So, I'm hesitant to post this because I get a somewhat crack potty feeling to the book (however, he actually does reference some of your papers in the more "normal" section [i.e section 1.5.2 he references
https://arxiv.org/abs/quant-ph/0305131]), but I'm not sure if that's because my Bohmian mechanics principles are weak (I only know the basic of how they apply the Hamilton-Jacobi equations), but with that being said...
I stumbled upon this book
https://www.amazon.com/dp/9813227974/?tag=pfamazon01-20 in my search for a book to learn this theory.

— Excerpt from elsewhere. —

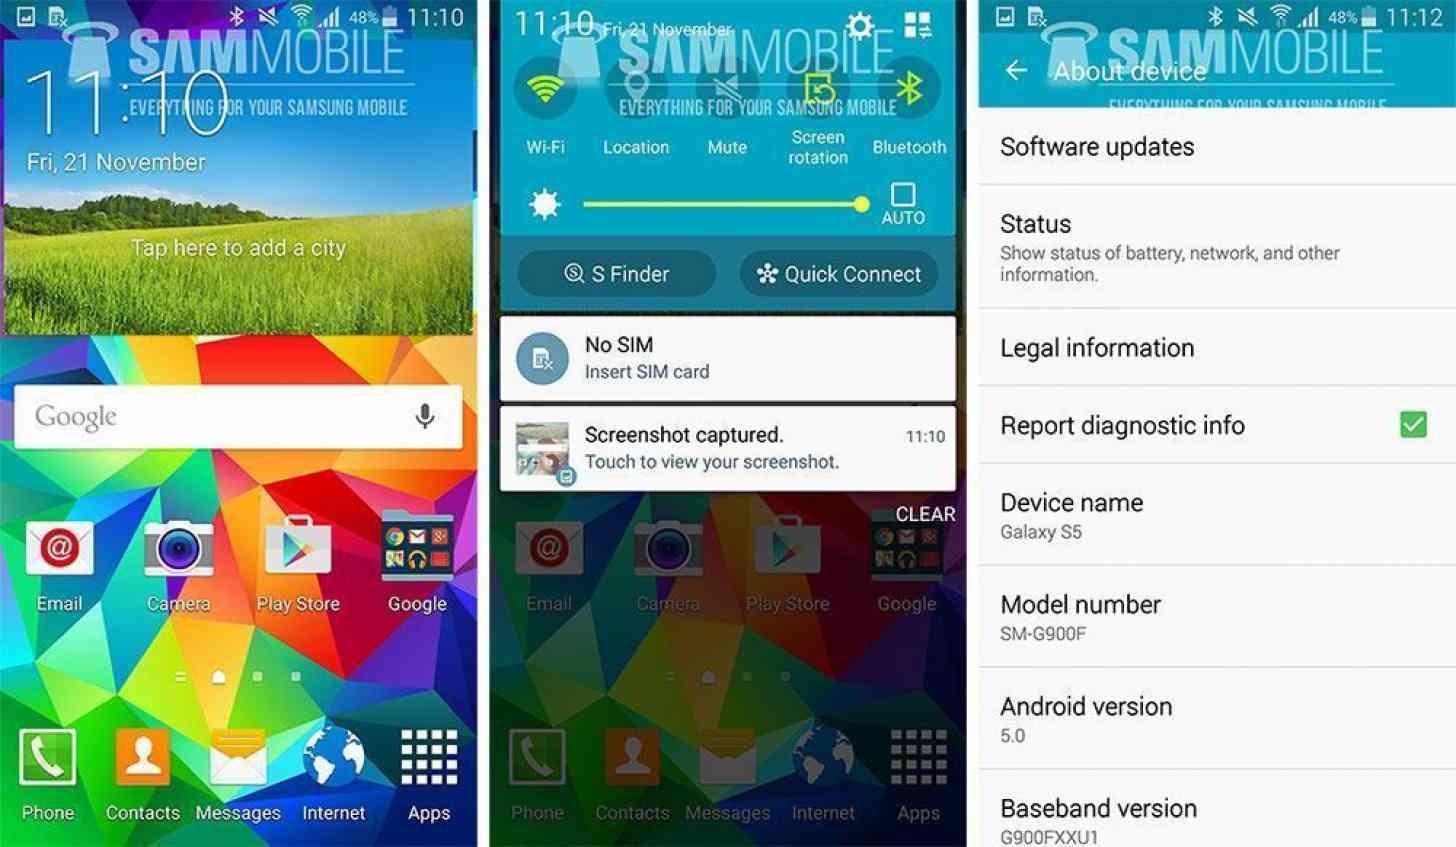 Samsung Galaxy S5 Android 5.0 screenshots

At the start of chapter 2, he states:
"##S_Q=-\frac{1}{2} \ln \rho##
where ##\rho## is the probability density (describing the space-temporal distribution of an ensemble of particles, namely the density of particles in the element of volume ##d^3 x## around a point ##\vec{x}## at time ##t## )associated with the wave function ##\psi(\vec{x}, t)## of an individual physical system. In the entropic version of Bohmian quantum mechanics, the space-temporal distribution of the ensemble of particles describing the individual physical system under consideration is assumed to generate a modification, a sort of deformation of the background space characterized by the quantity given by equation (2.1). On the basis of equation (2.1), it is plausible to make a parallelism with the standard definition of entropy given by the Boltzmann law, in other words equation (2.1) may be considered indeed as the quantum counterpart of a Boltzmann-type law. In the light of its relation with the wave function, the quantity given by equation (2.1) can be appropriately defined as "quantum entropy". The quantum entropy (2.1) can be interpreted as the physical parameter that, in the quantum domain, measures the degree of order and chaos of the vacuum - a storage of virtual trajectories supplying optimal ones for particle movement - which supports the density ##\rho## describing the space-temporal distribution of the ensemble of particles associated with the wave function under consideration."
So, the issues I have is that everything he references in this part is... his own articles, which IMO isn't THAT big of an issue, it just gets more suspicious because I can't find the journals/papers. But, I'll post this for you, and let you be the judge.
[BTW, in case anyone is interested, I ended up going with
https://www.amazon.com/dp/0521485436/?tag=pfamazon01-20 but just need to actual take time and study the chapters in depth, but it is a nicely written book so far IMO.]